Над безучетниками – теми, кто прибыл на Колыму по списку, – трудился день и ночь аппарат правосудия, приехавший с материка. В тесных землянках, колымских бараках день и ночь шли допросы, и Москва принимала решения – кому пятнадцать, кому двадцать пять, а кому и высшая мера. Оправданий, очищений я не помню, но я не могу знать всего. Возможно, были и оправдания и полные реабилитации.
Всех этих следственных, а также шестилетников, тоже следственных по сути дела, заставляли работать по всем колымским законам: три отказа – расстрел.
Они прибыли на Колыму, чтобы сменить мертвых троцкистов или еще живых, но уставших до такой степени, что они не могли выбить не только грамма золота из камня, но и самого камня ни грамма.
Изменники родины, мародеры наполнили опустевшие за время войны арестантские бараки и землянки. Подновили двери, переменили решетки в бараках и землянках, перемотали колючую проволоку вокруг зон, освежили места, где кипела жизнь – а правильней сказать: кипела смерть – в тридцать восьмом году.
Кроме пятьдесят восьмой статьи, большое количество заключенных было осуждено по особой статье – сто девяносто второй. Эта сто девяносто вторая статья, вовсе не замеченная в мирное время, пышным цветом расцвела с первым выстрелом пушек, с первым разрывом бомб и стрельбой автоматов. Сто девяносто вторая статья в это время поспешно обрастала, как и всякая порядочная статья в такой ситуации, дополнениями, примечаниями, пунктами и параграфами. Появились мгновенно сто девяносто вторая «а», «б», «в», «г», «д» – пока не был исчерпан весь алфавит. Каждая буква этого грозного алфавита обросла частями и параграфами. Так – сто девяносто вторая «а», часть первая, параграф второй. Каждый параграф оброс примечаниями, и скромная с виду сто девяносто вторая статья раздулась, как паук, и напоминала дремучий лес своим чертежом.
Никакой параграф, часть, пункт, буква не карал менее пятнадцати лет и не освобождал от работы. Работа – это главное, о чем заботились законодатели.
Всех осужденных по сто девяносто второй статье ждал на Колыме неизменный облагораживающий труд – только общие работы с кайлом, лопатой и тачкой. И все же это была не пятьдесят восьмая статья.
Сто девяносто вторую давали во время войны тем жертвам правосудия, из которых не могли выжать ни агитации, ни измены, ни вредительства.
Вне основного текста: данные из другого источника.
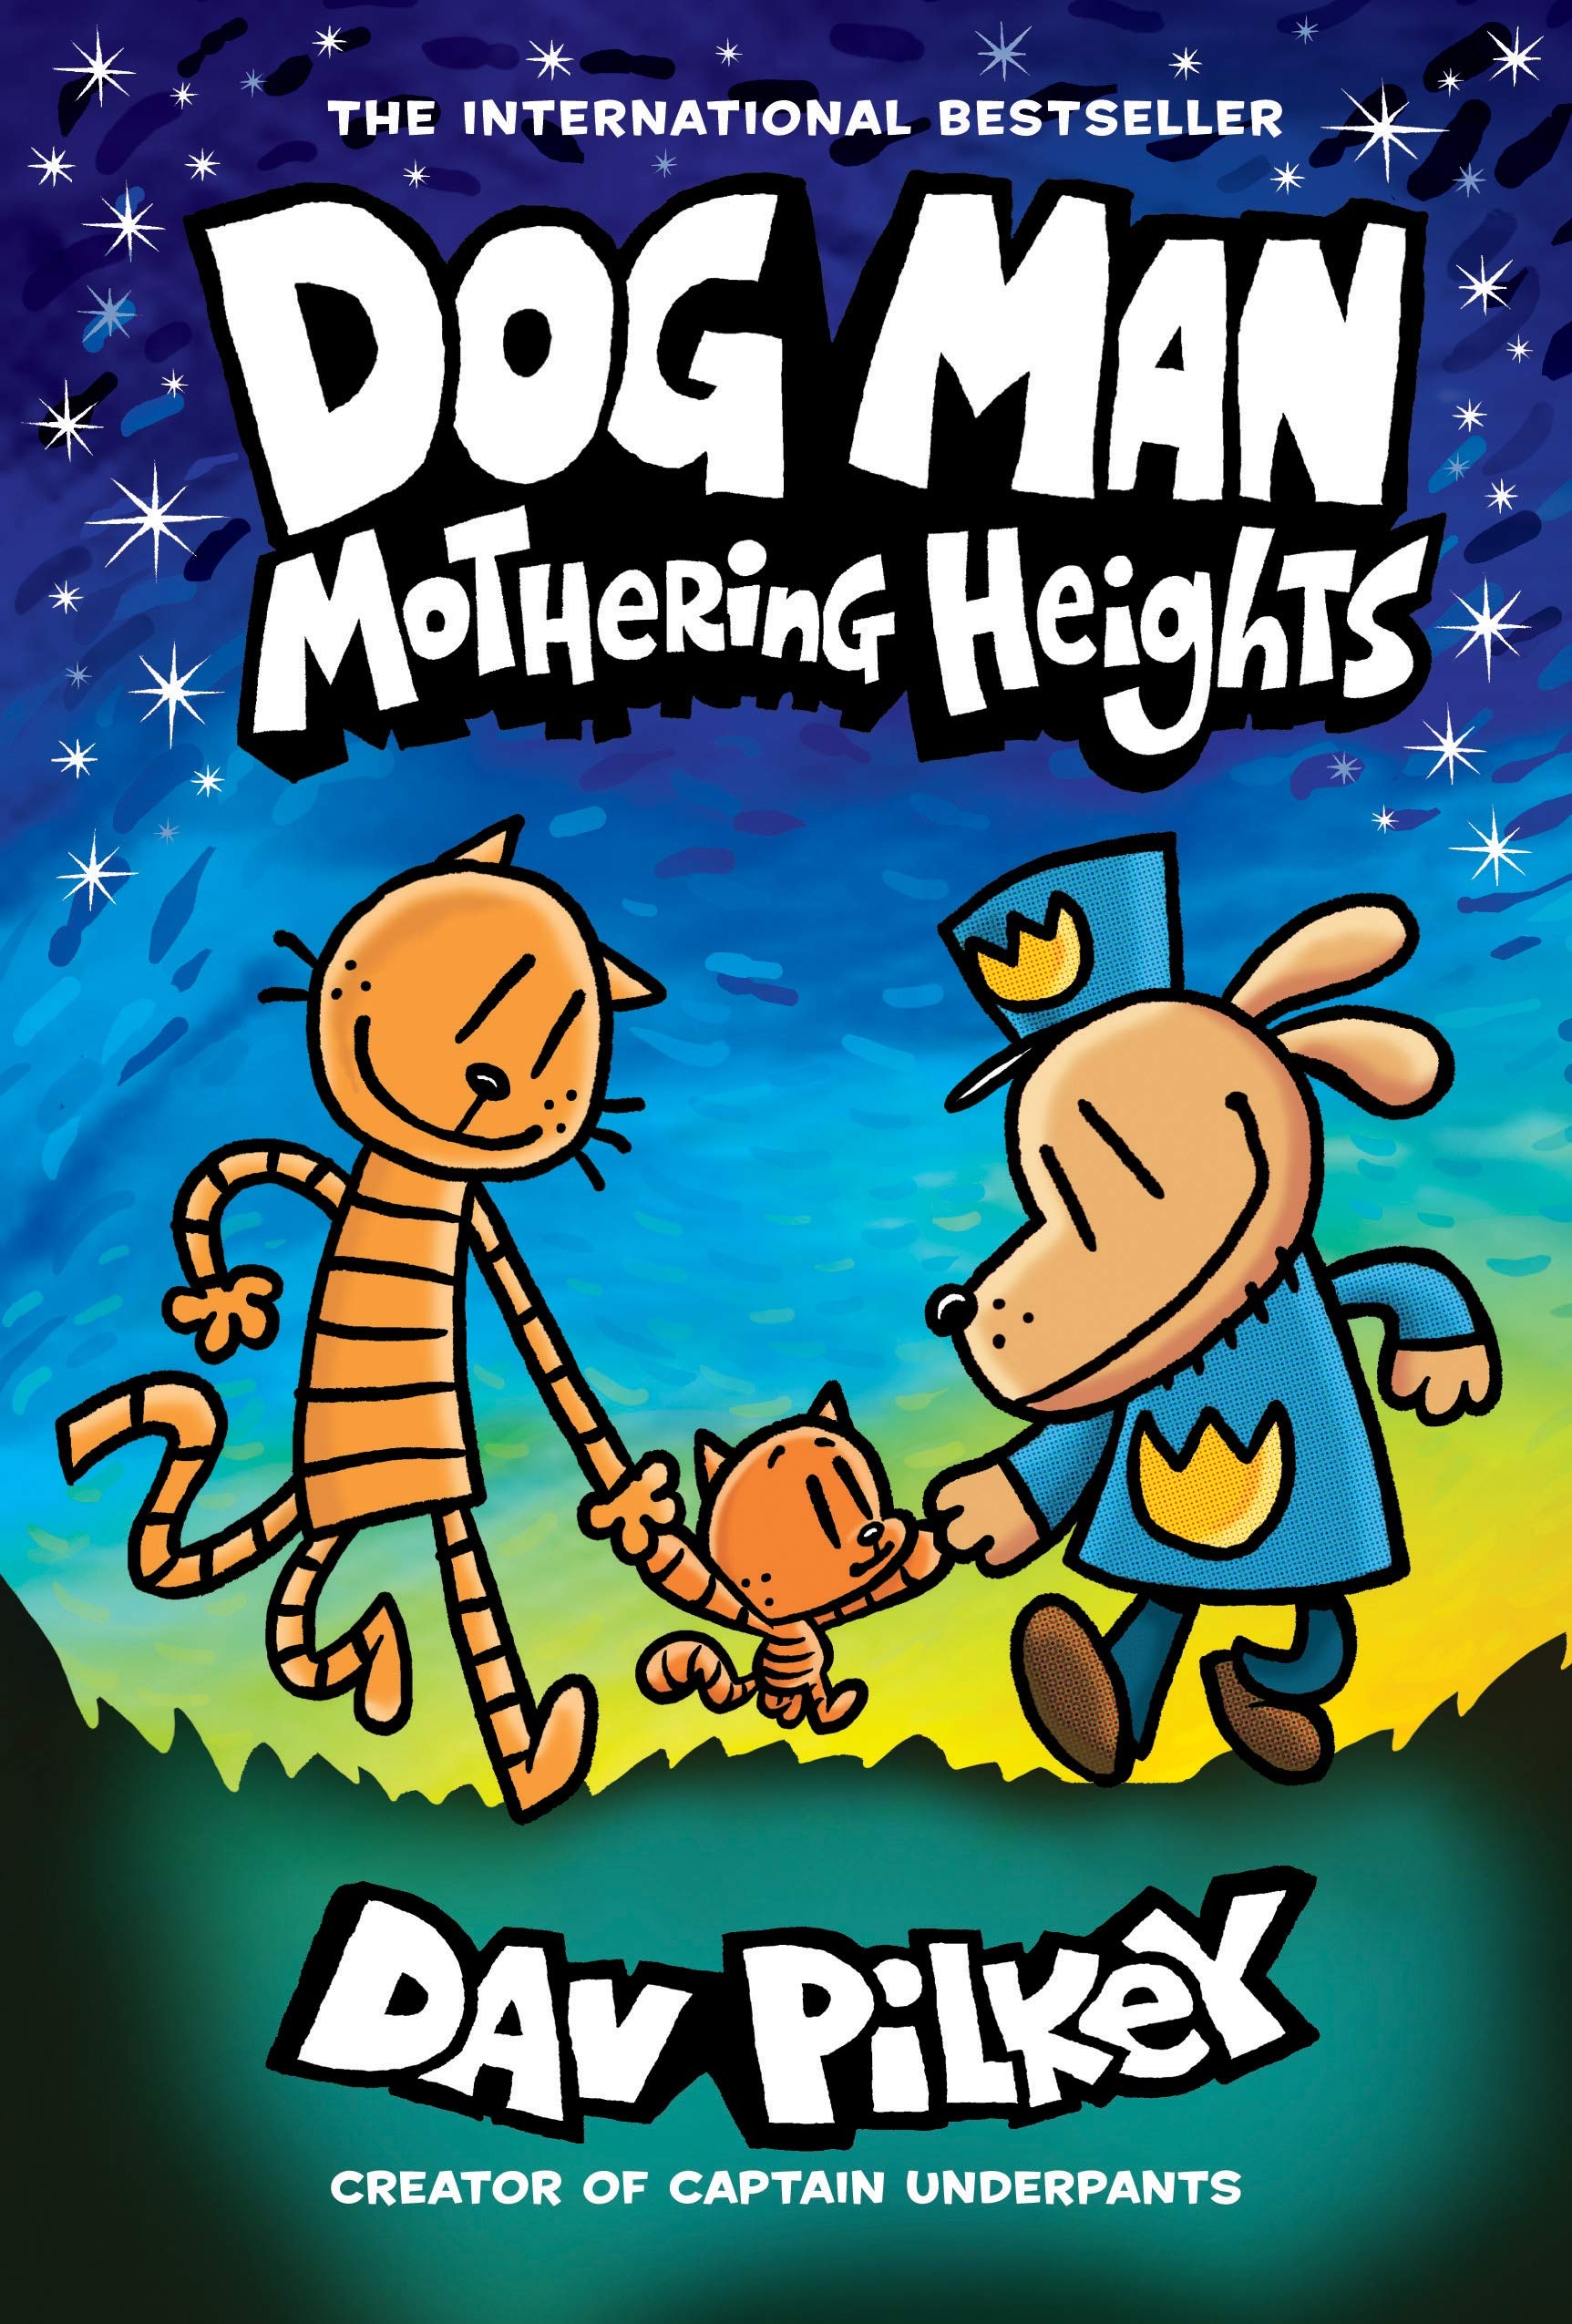 book review on dog man
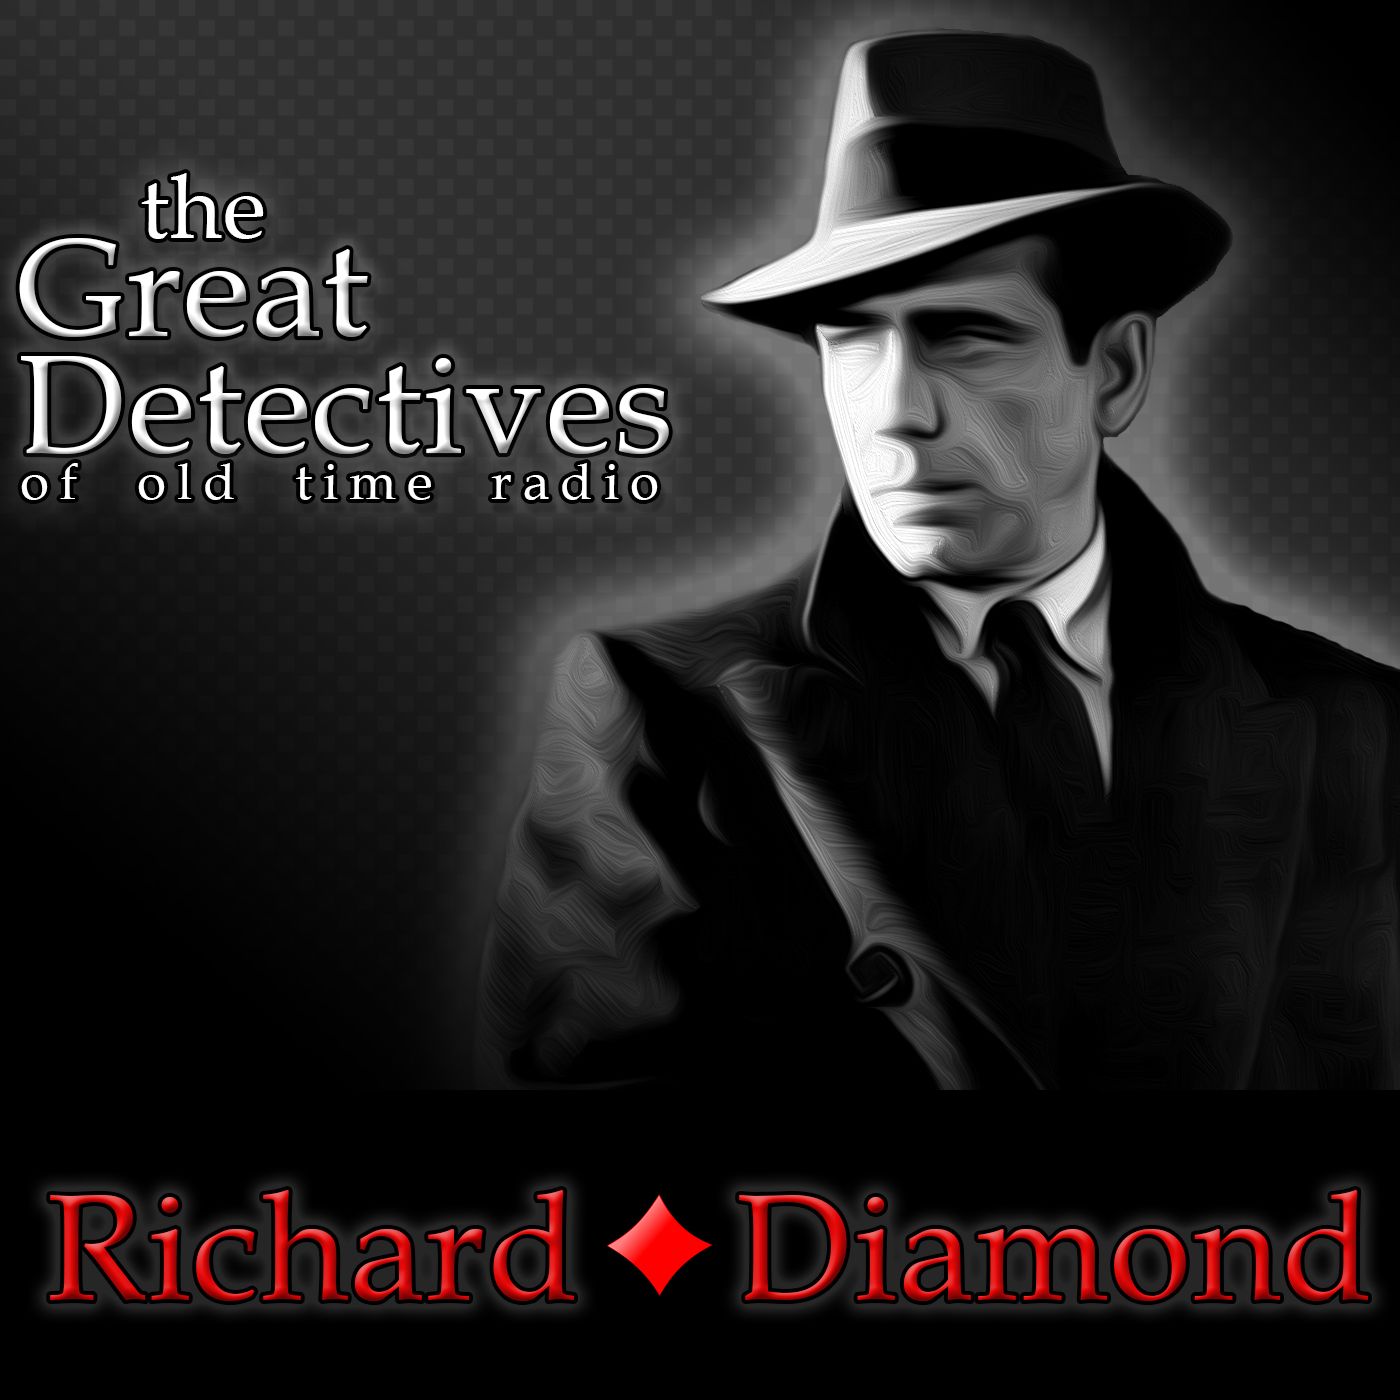 Richard Diamond – The Great Detectives of Old Time Radio

Или следователь по своим волевым качествам оказался не на месте, не на высоте и не сумел приклеить модного ярлыка за старомодное преступление, то ли сопротивление физического лица было таким, что следователю надоело, а о применении метода номер три он не решился дать указания. Этот следовательский мир имеет свои отливы и приливы, свою моду, свою подпольную борьбу за влияние.
Приговор – всегда результат ряда действующих, часто внешних причин.
Психология творчества здесь еще не описана, даже первые камни не положены в эту важную стройку времени.
Вот по этой-то сто девяносто второй статье и был завезен на Колыму с пятнадцатью годами срока минский инженер-строитель Михаил Иванович Новиков.
Инженер Новиков был тяжелый гипертоник с постоянным высоким давлением порядка двухсот сорока в верхней цифре аппарата Рива-Роччи.
Гипертоник нетранзитарного типа, Новиков жил постоянно под опасностью инсульта, апоплексического удара. Все это знали и в Минске, и в Магадане. На Колыму запрещалось возить таких больных – для этого и существовал медосмотр. Но с тысяча девятьсот тридцать седьмого года всеми медицинскими учреждениями тюрем, пересылок и лагерей – а для этапа Владивосток – Магадан этот приказ дважды подтверждали для заключенных спецлагерей, для КРТД и вообще для контингента, которому предназначалось жить, а главное – умирать на Колыме, – все ограничения по инвалидности и по возрасту были сняты.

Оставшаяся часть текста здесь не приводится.